# [Work to be completed]
Please write out all the data that follows exactly, without the pictures.

# [Information provided]
^^^^

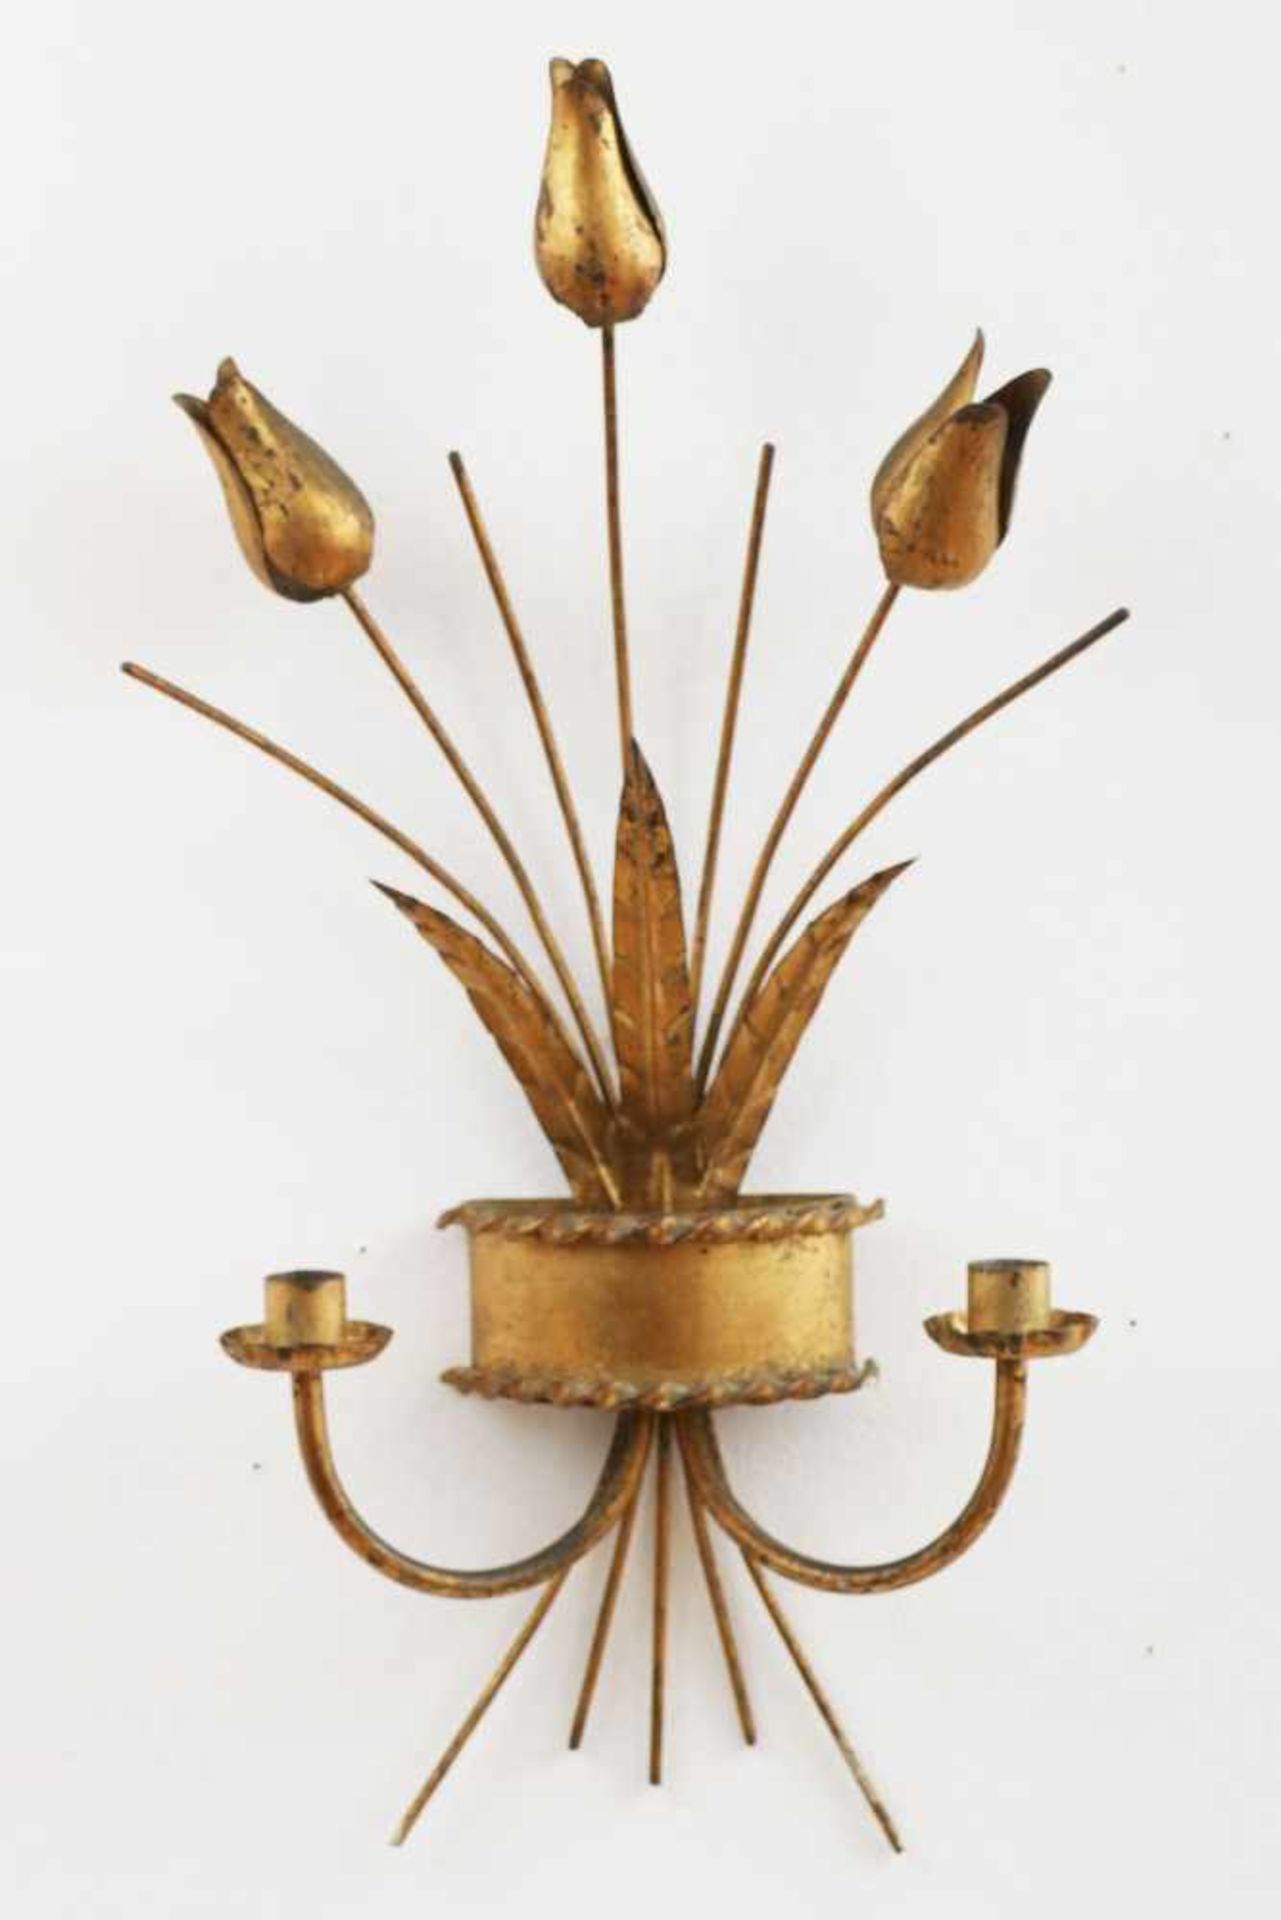 Wandapplike ¨3 Blüten¨ Mid centurywohl Italien, Metall, vergoldet, mit 2 geschwungenen Leuchterarmen
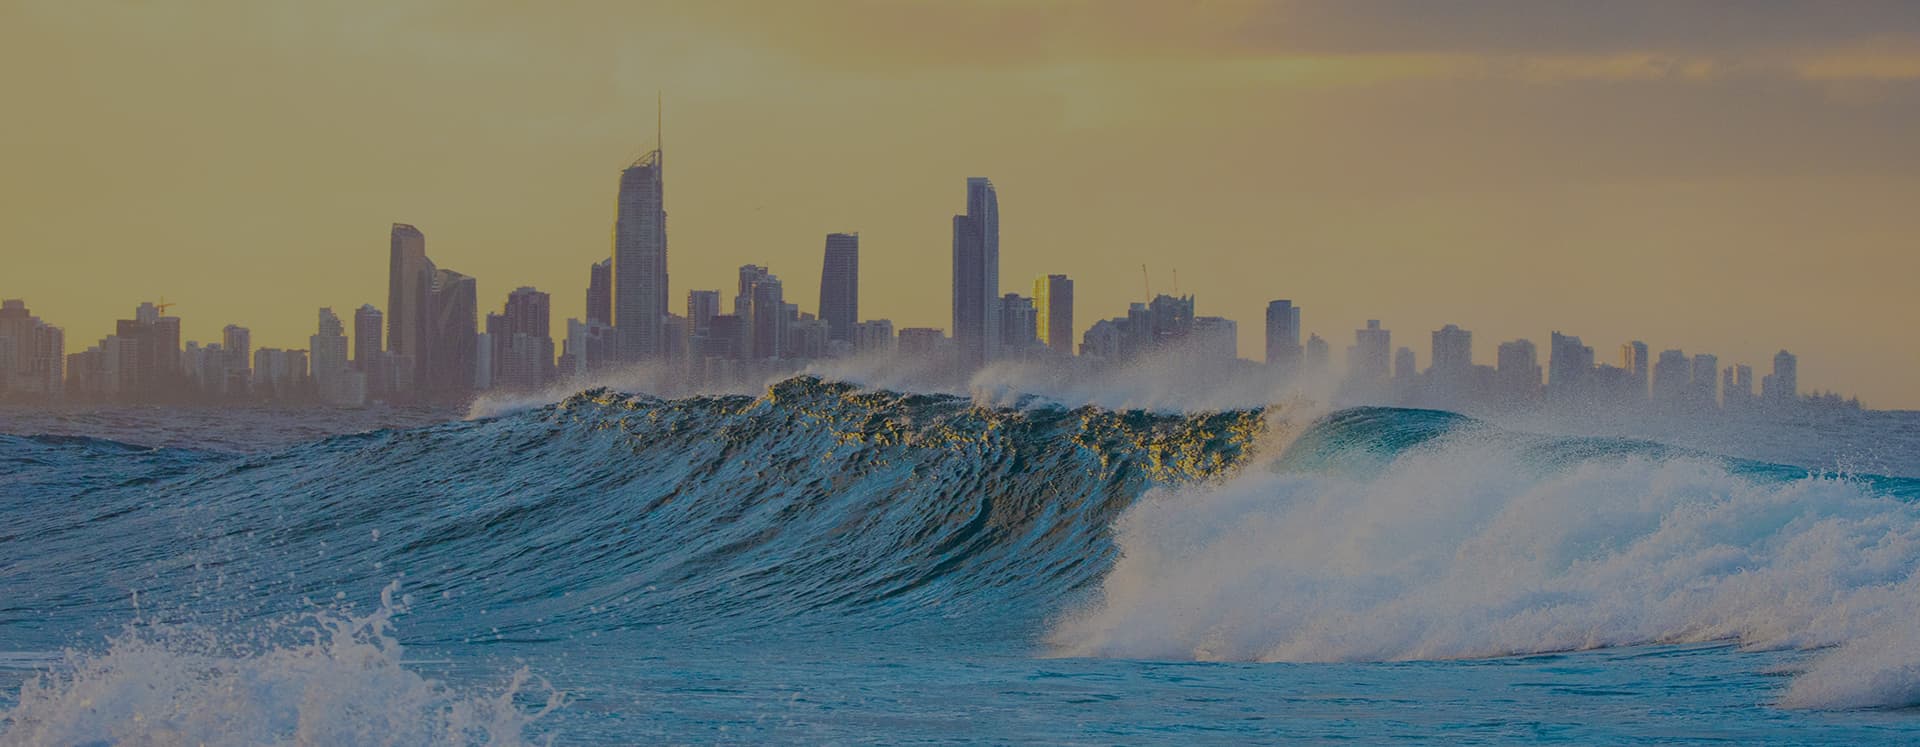 Estudiar surf en Gold Coast Australia
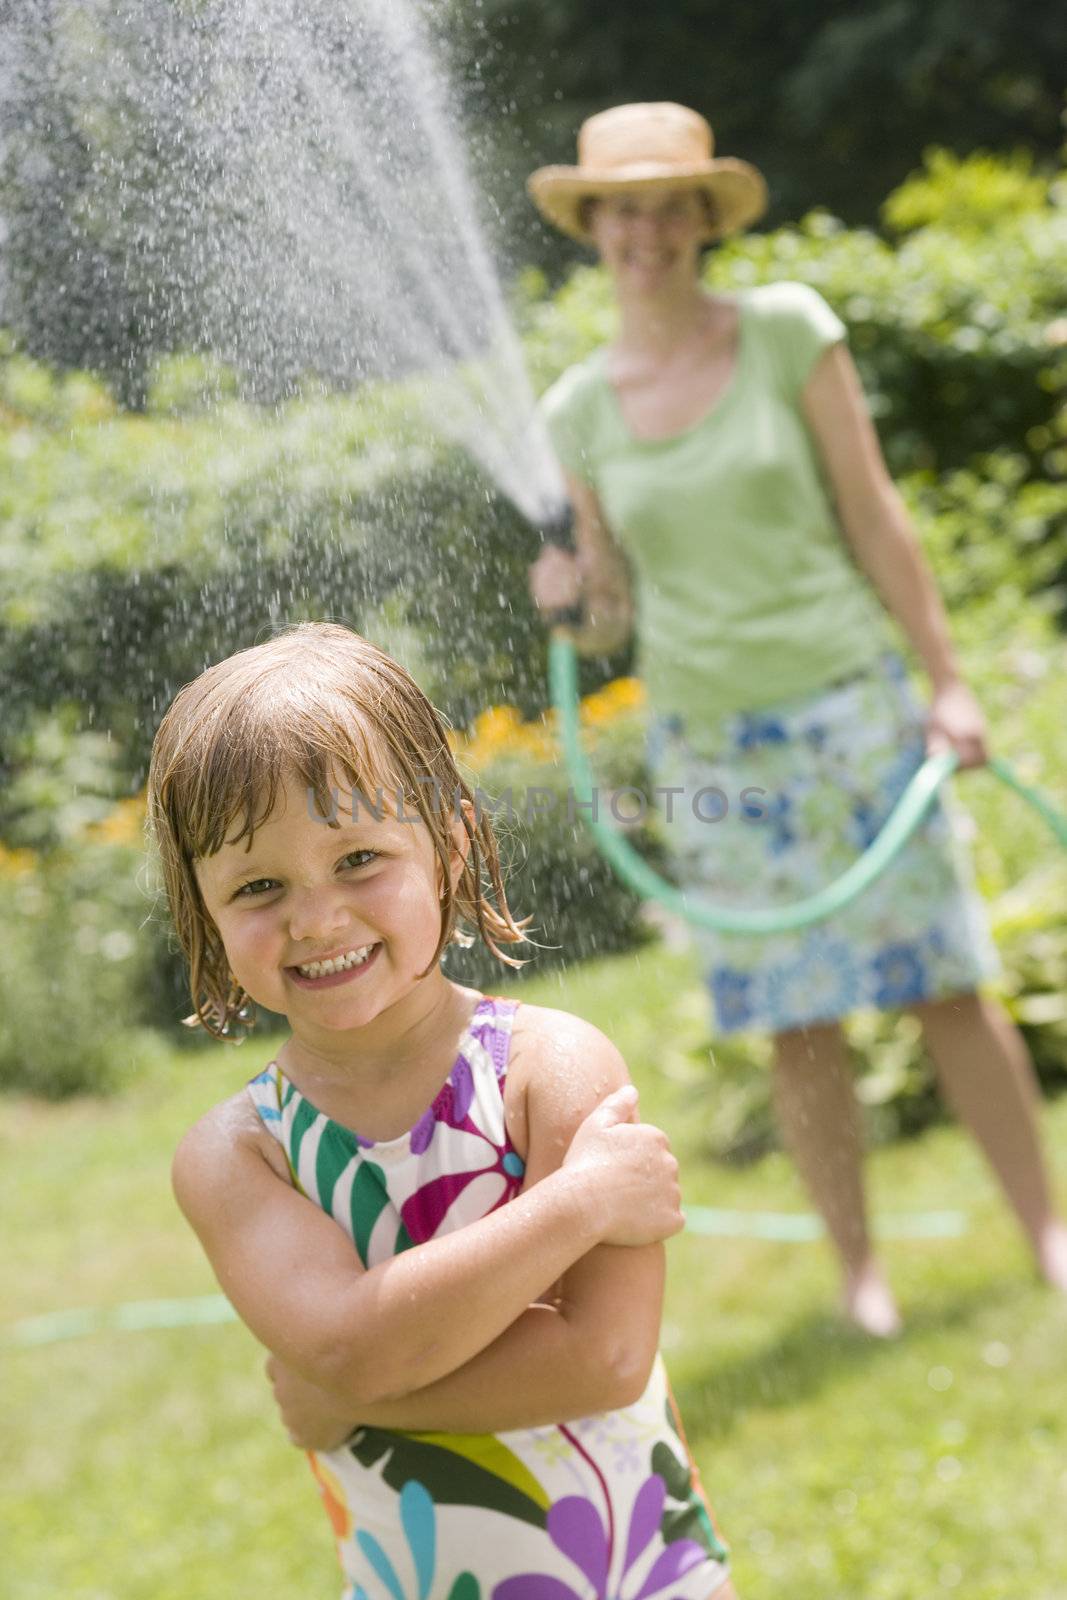 Summer water fun with garden hose rain by edbockstock

^^^^

# [Result of this task]
 Wandapplike ¨3 Blüten¨ Mid centurywohl Italien, Metall, vergoldet, mit 2 geschwungenen Leuchterarmen
 Estudiar surf en Gold Coast Australia
 Summer water fun with garden hose rain by edbockstock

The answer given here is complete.